At least that is the simplistic version of what I remember!
We were commenting on my bent for melancholy recently and I decided to look up this word. I love words and I duly noted that the last part of the word is holy, that should mean something good!
But I was disappointed. The word in the dictionary is utterly sad… to the depths of despair.

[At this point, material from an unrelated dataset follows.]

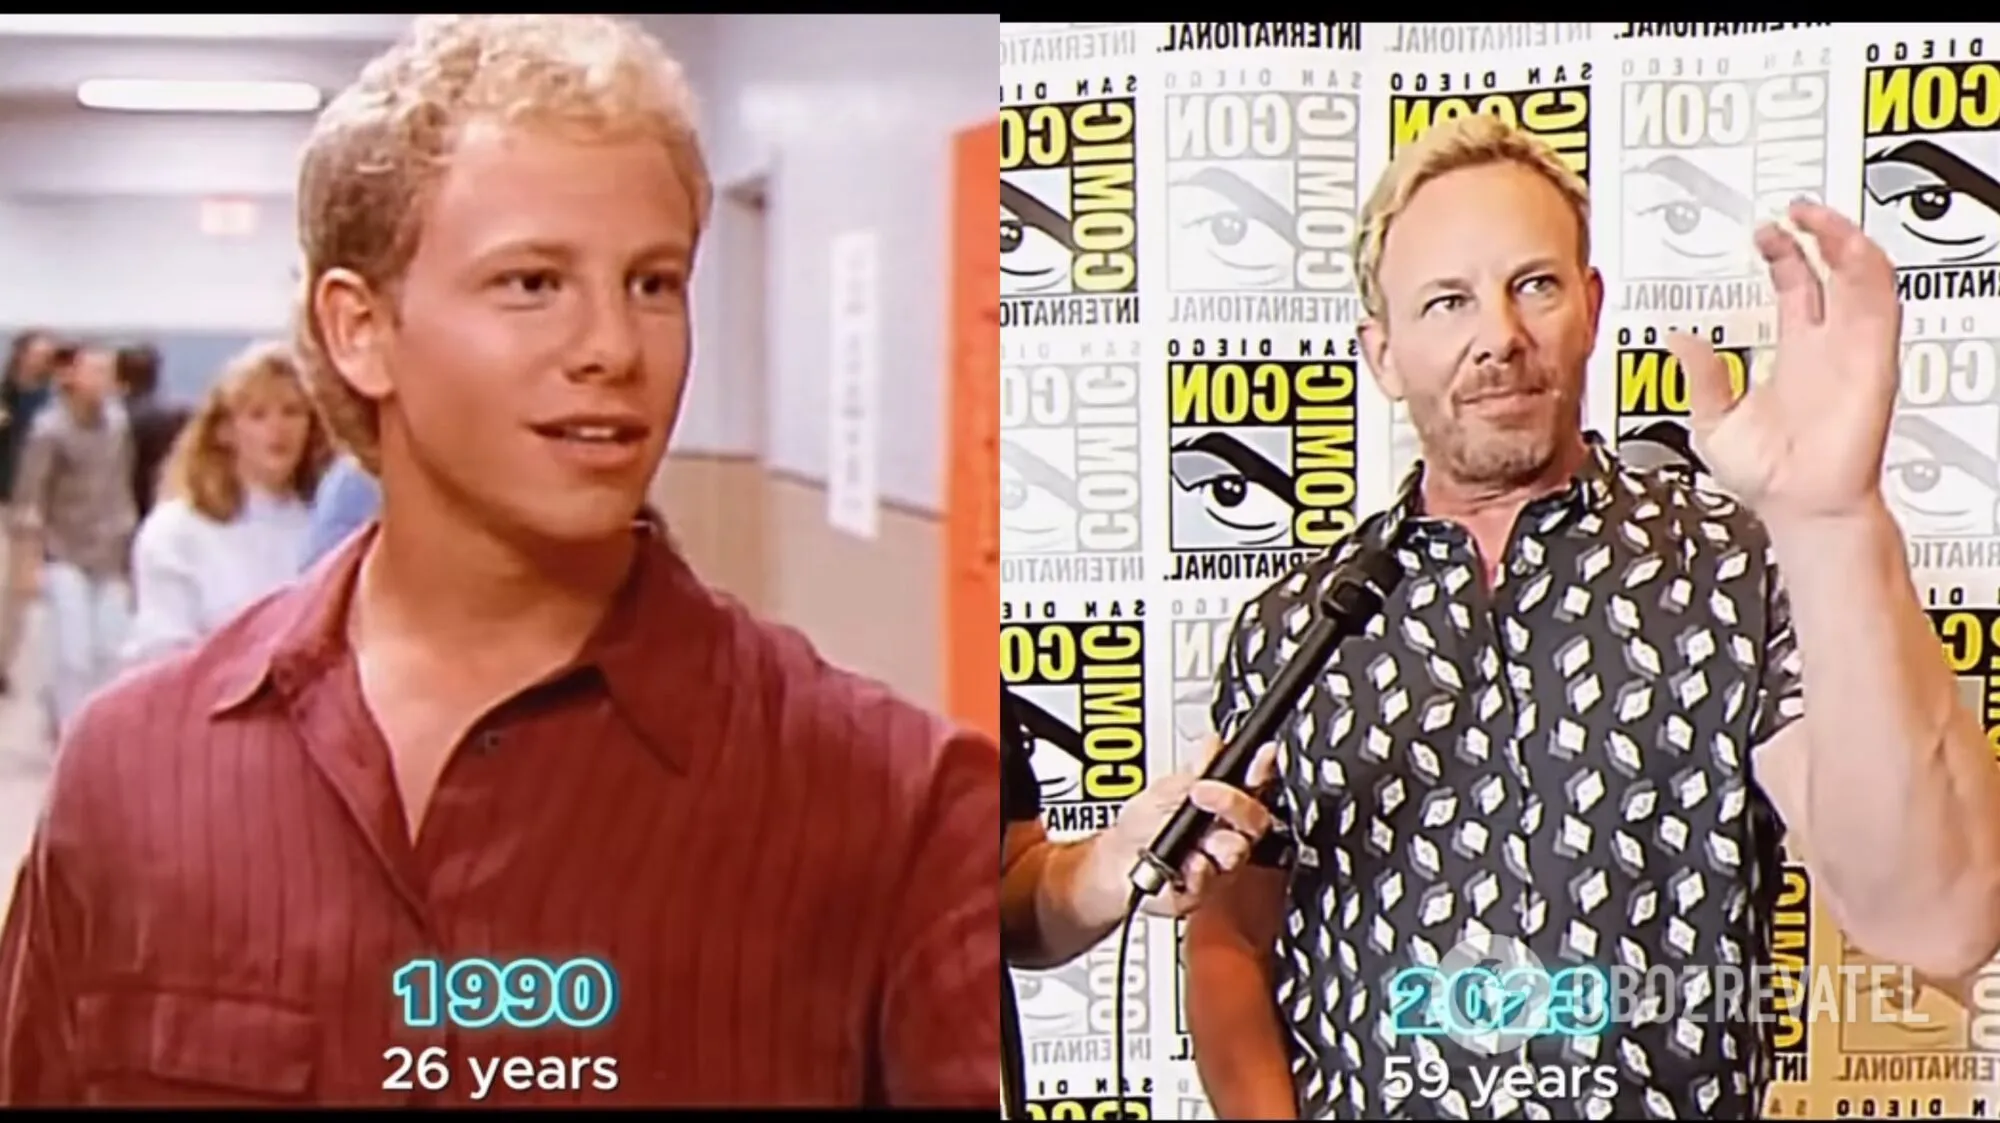 "Кучерявый в свои 60 выглядит идеально": как состарились актеры из культового сериала "Беверли-Хиллз, 90210"

Pensive sadness.. The synonyms listed are a sorry bunch: discouraged, crestfallen, disconsolate, wretched, glum, morose… shall I go on?
Just reading that was enough to crush my spirits.
So much for definitions.
I can be
Melancholy.
What’s in a word?
It’s quite absurd
that labels thrust
can be unjust.
And yet I see
That I can be
Melencholy.
Sometimes it is a good thing to laugh at oneself.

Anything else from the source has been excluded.